Brief |
In the records below, find the line with "best socks men", then copy each line exactly until you have copied the line with "Cadillac Symbol Wallpaper Wallpapersafari". Leave any picture out.

Entries provided |
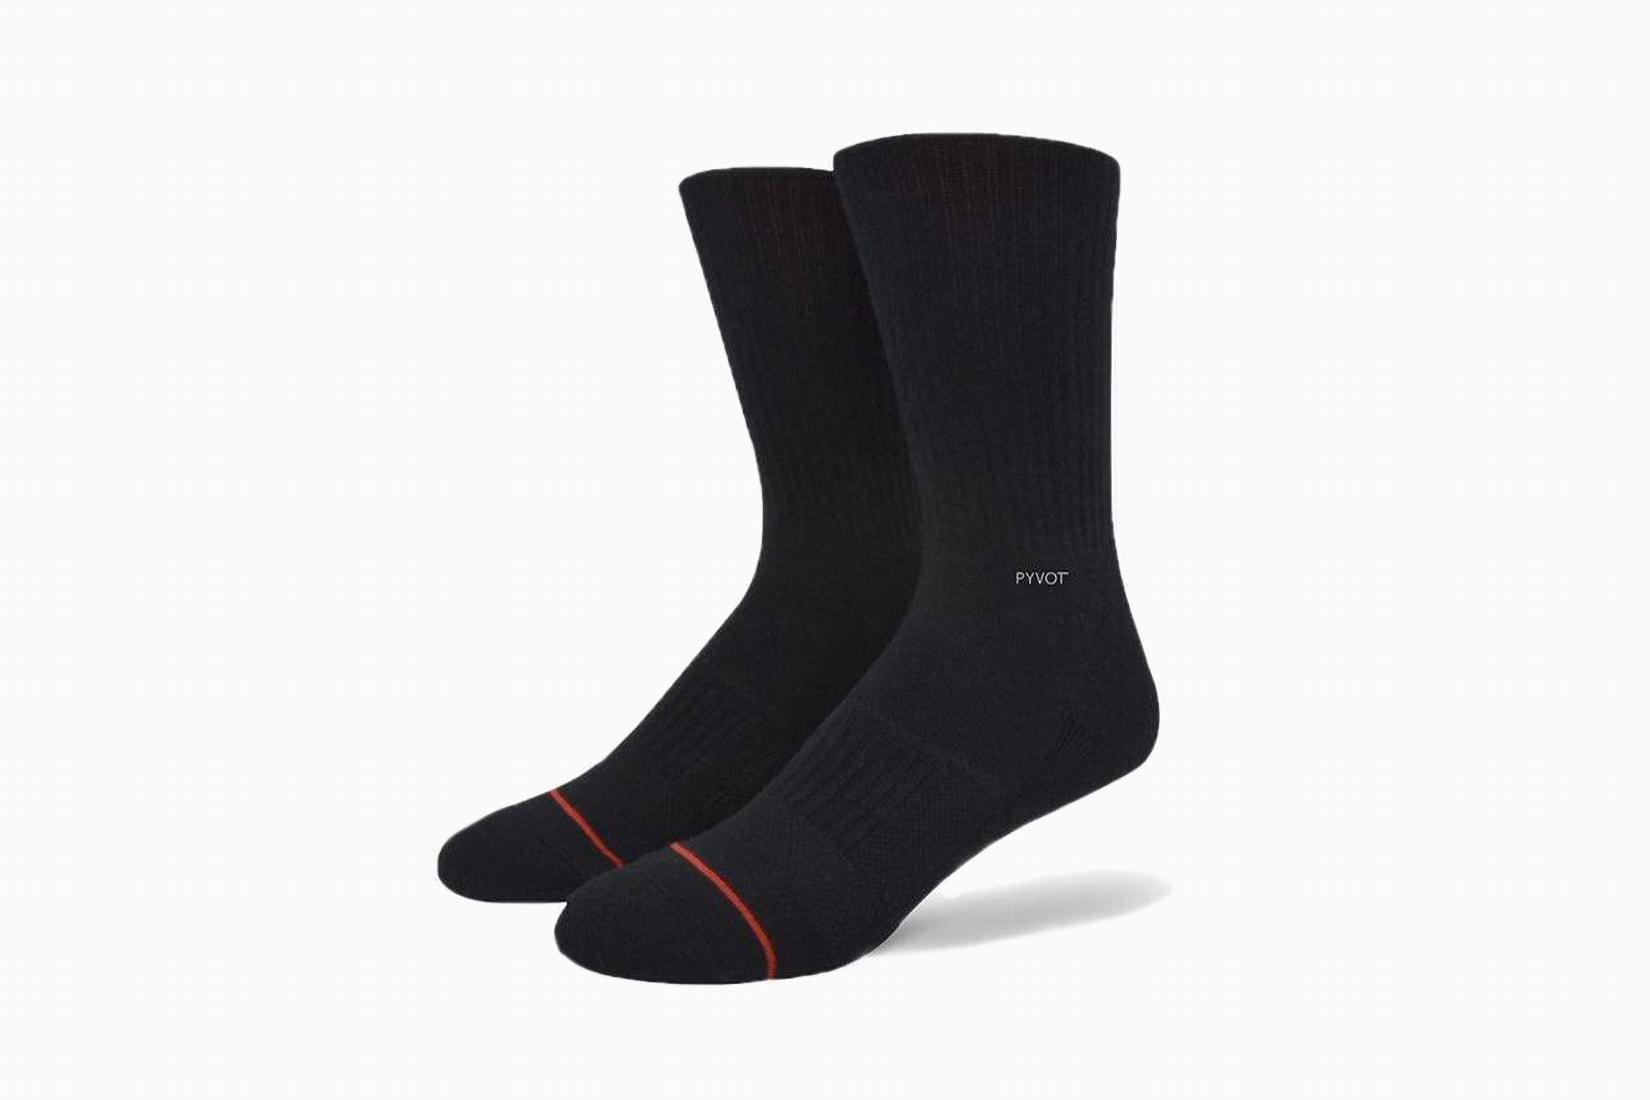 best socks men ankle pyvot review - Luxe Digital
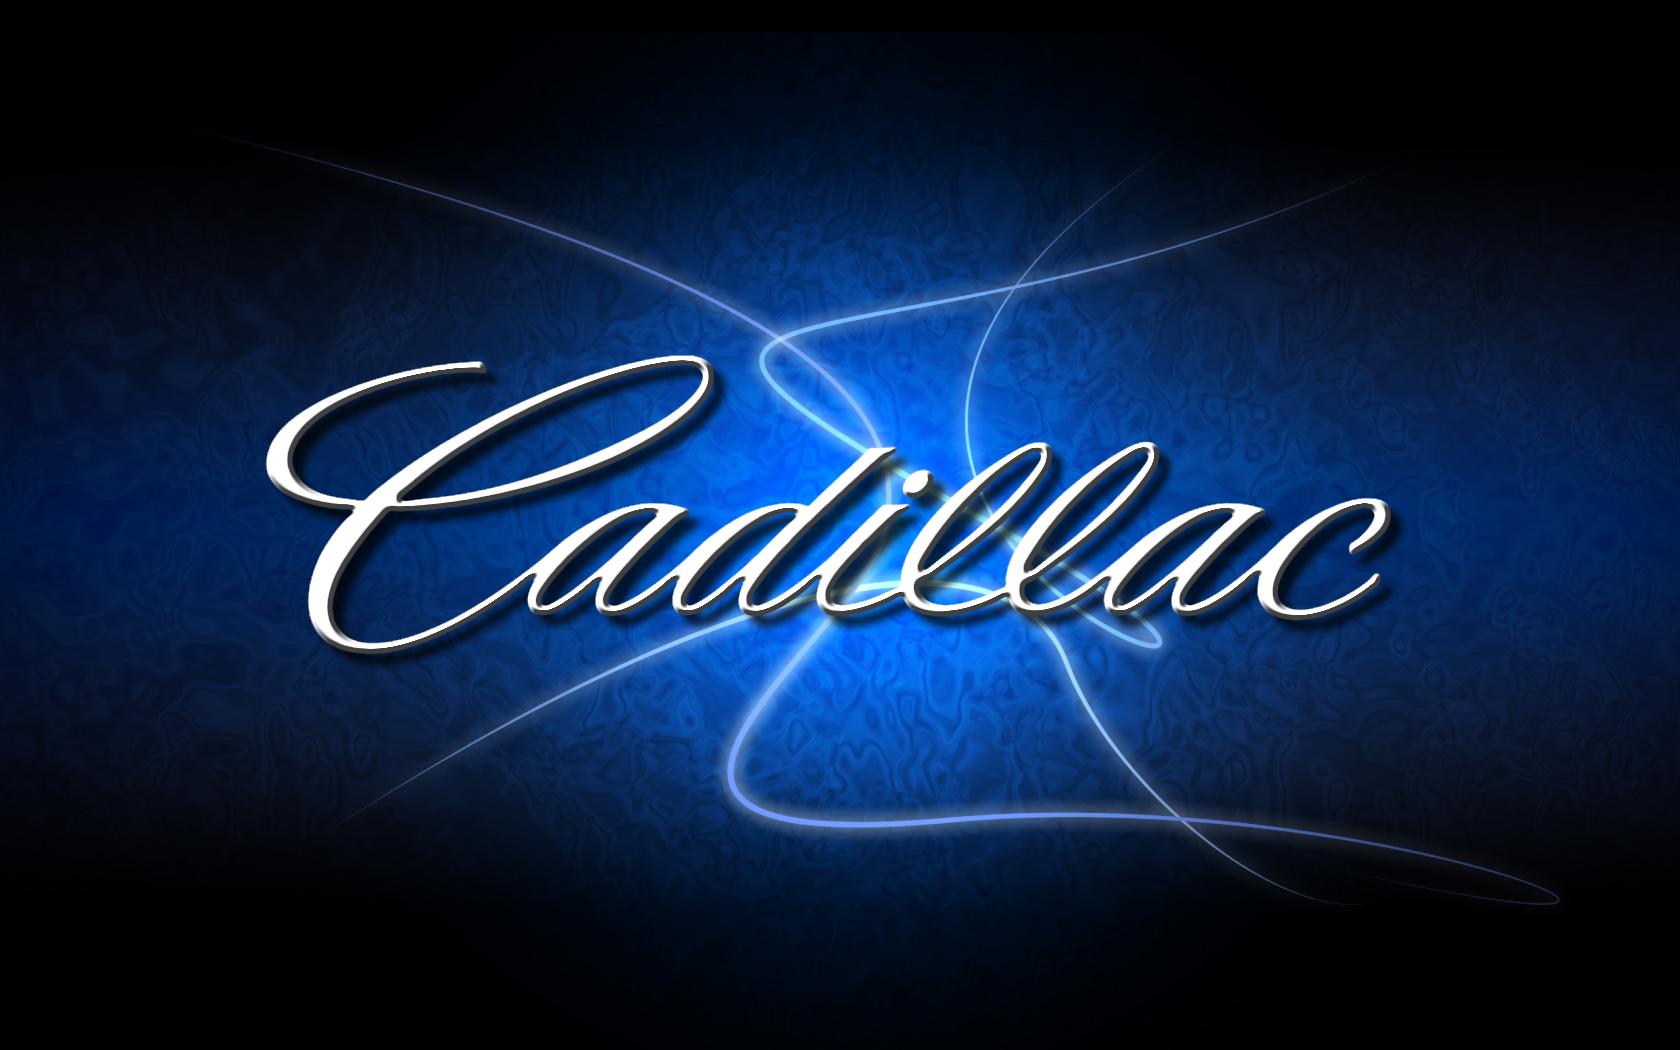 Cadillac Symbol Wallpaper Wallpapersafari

==

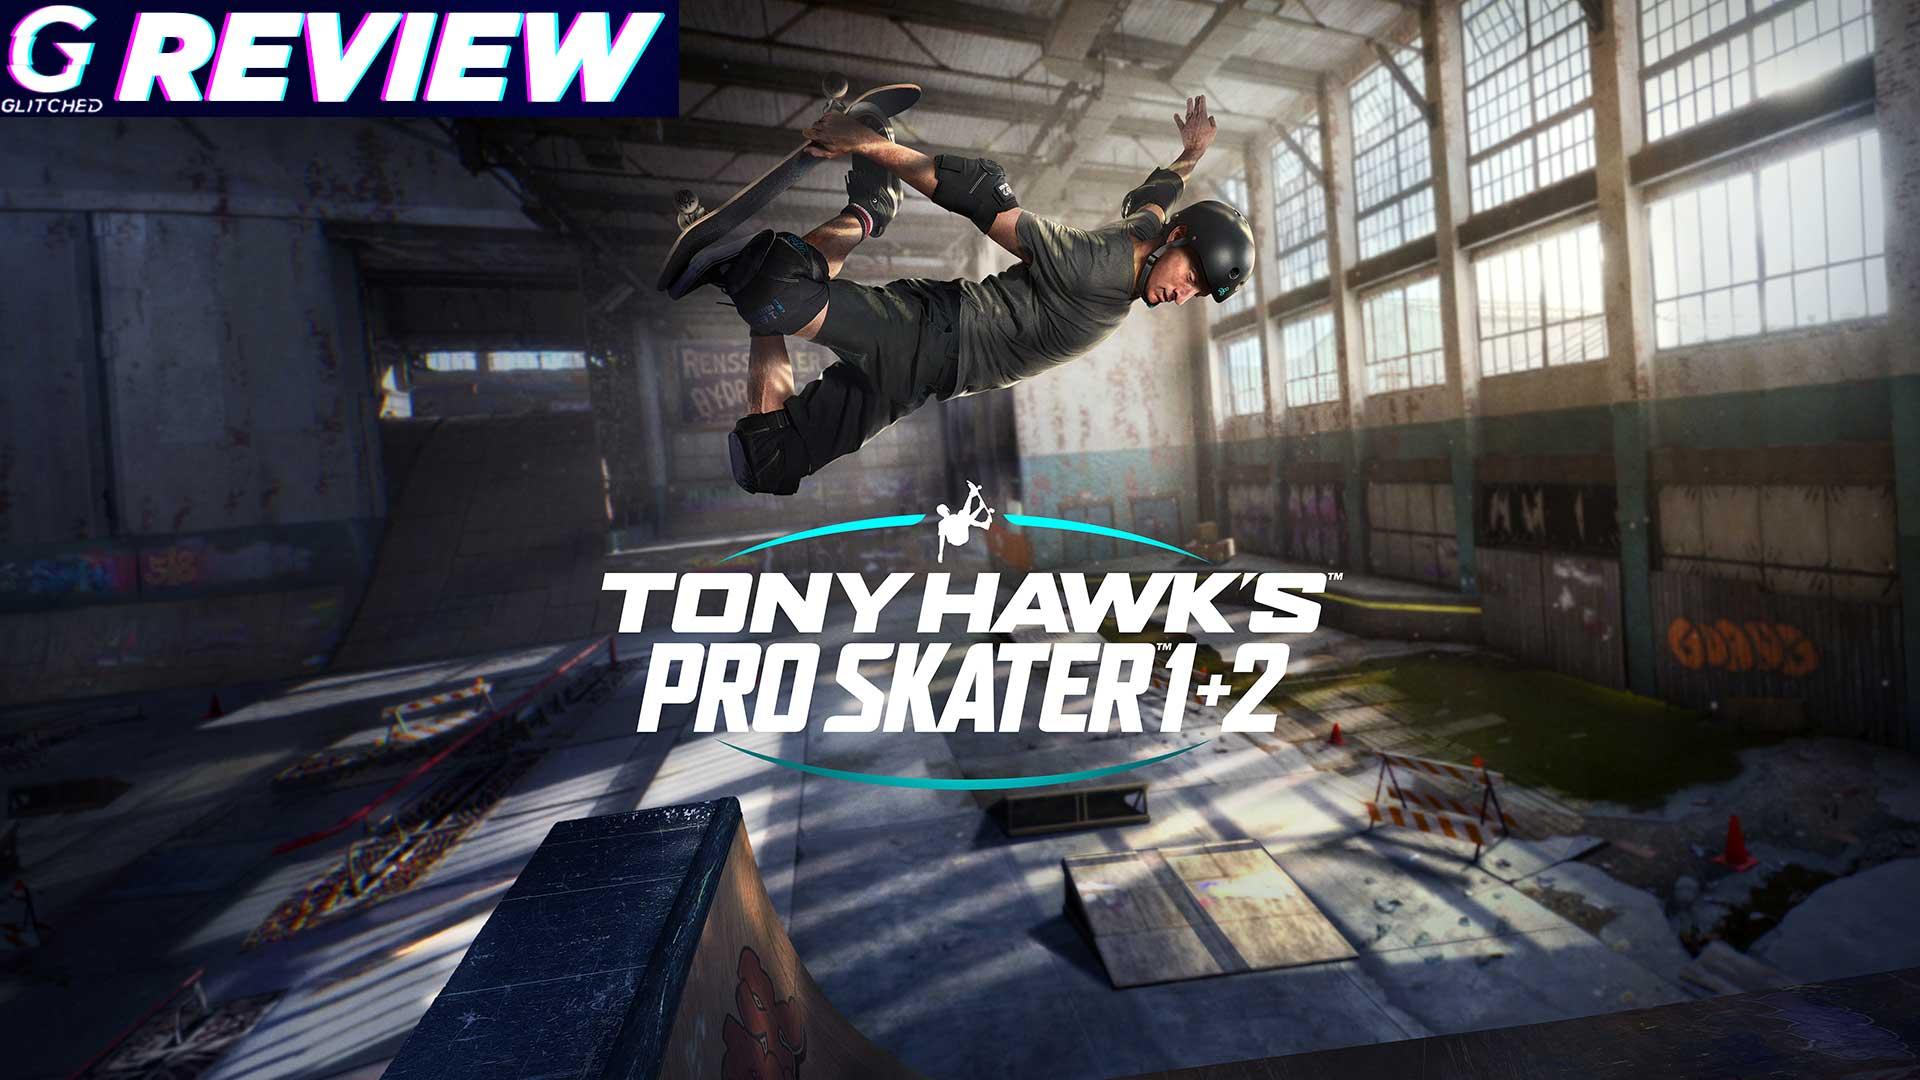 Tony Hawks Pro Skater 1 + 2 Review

...

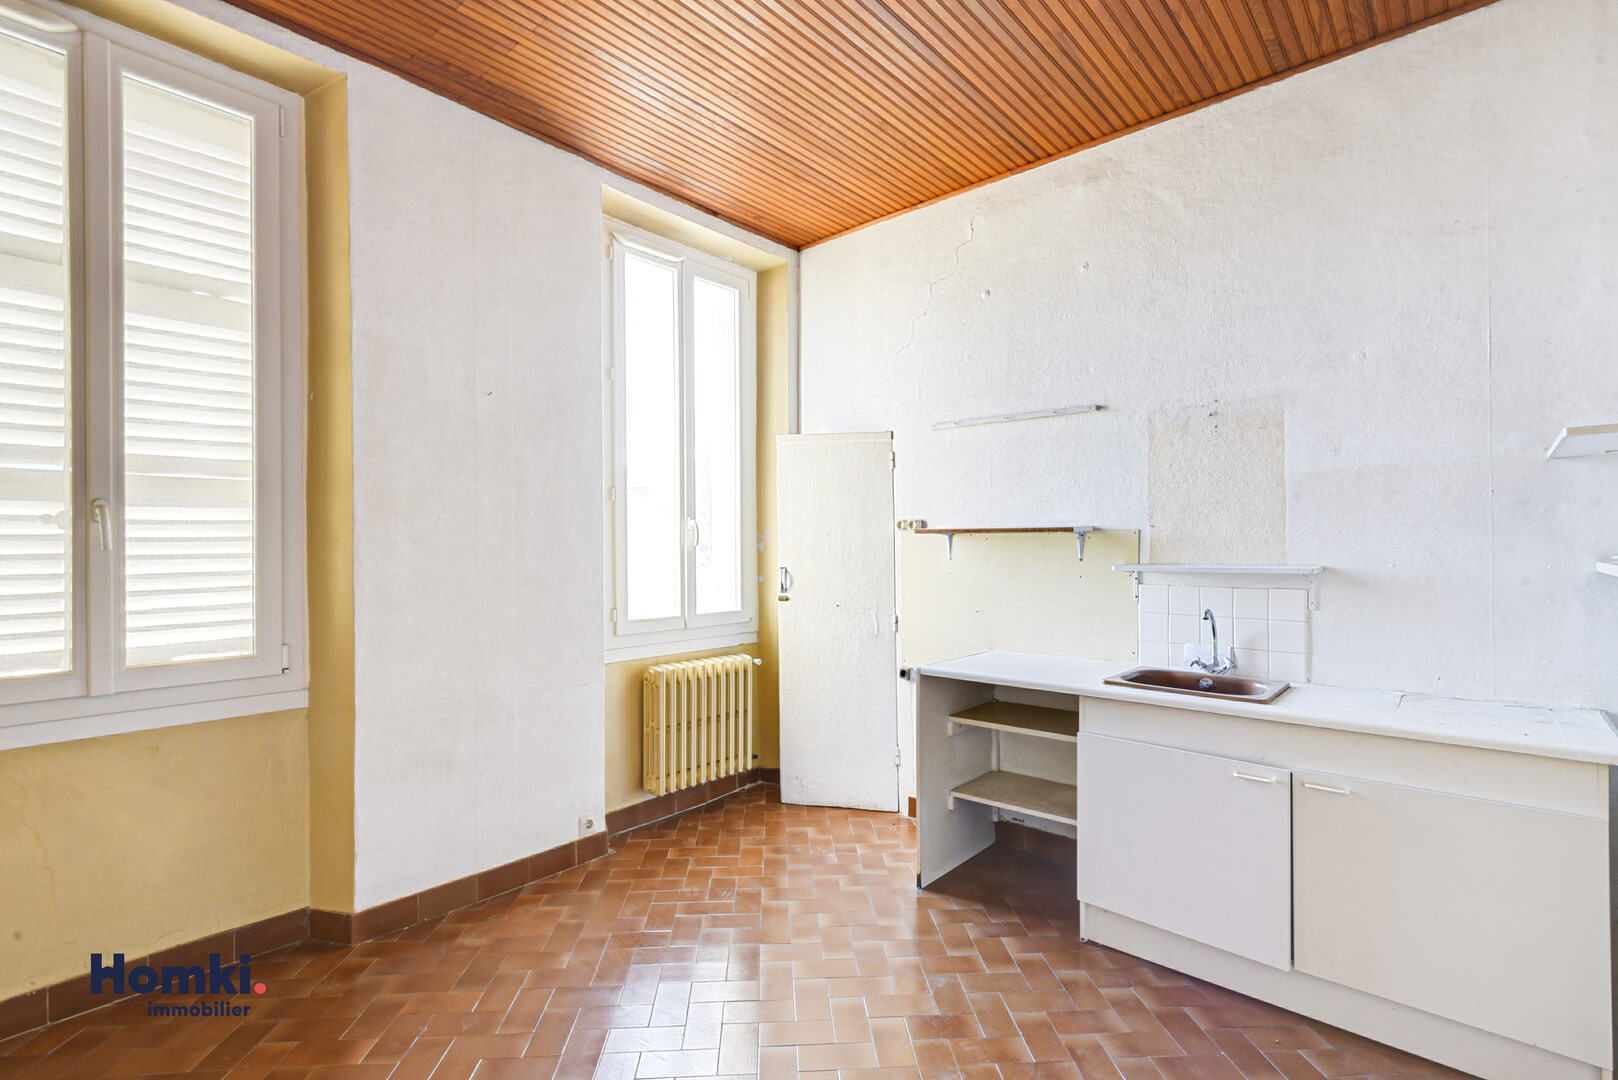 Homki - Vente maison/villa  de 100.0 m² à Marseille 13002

Task output |
 best socks men ankle pyvot review - Luxe Digital
 Cadillac Symbol Wallpaper Wallpapersafari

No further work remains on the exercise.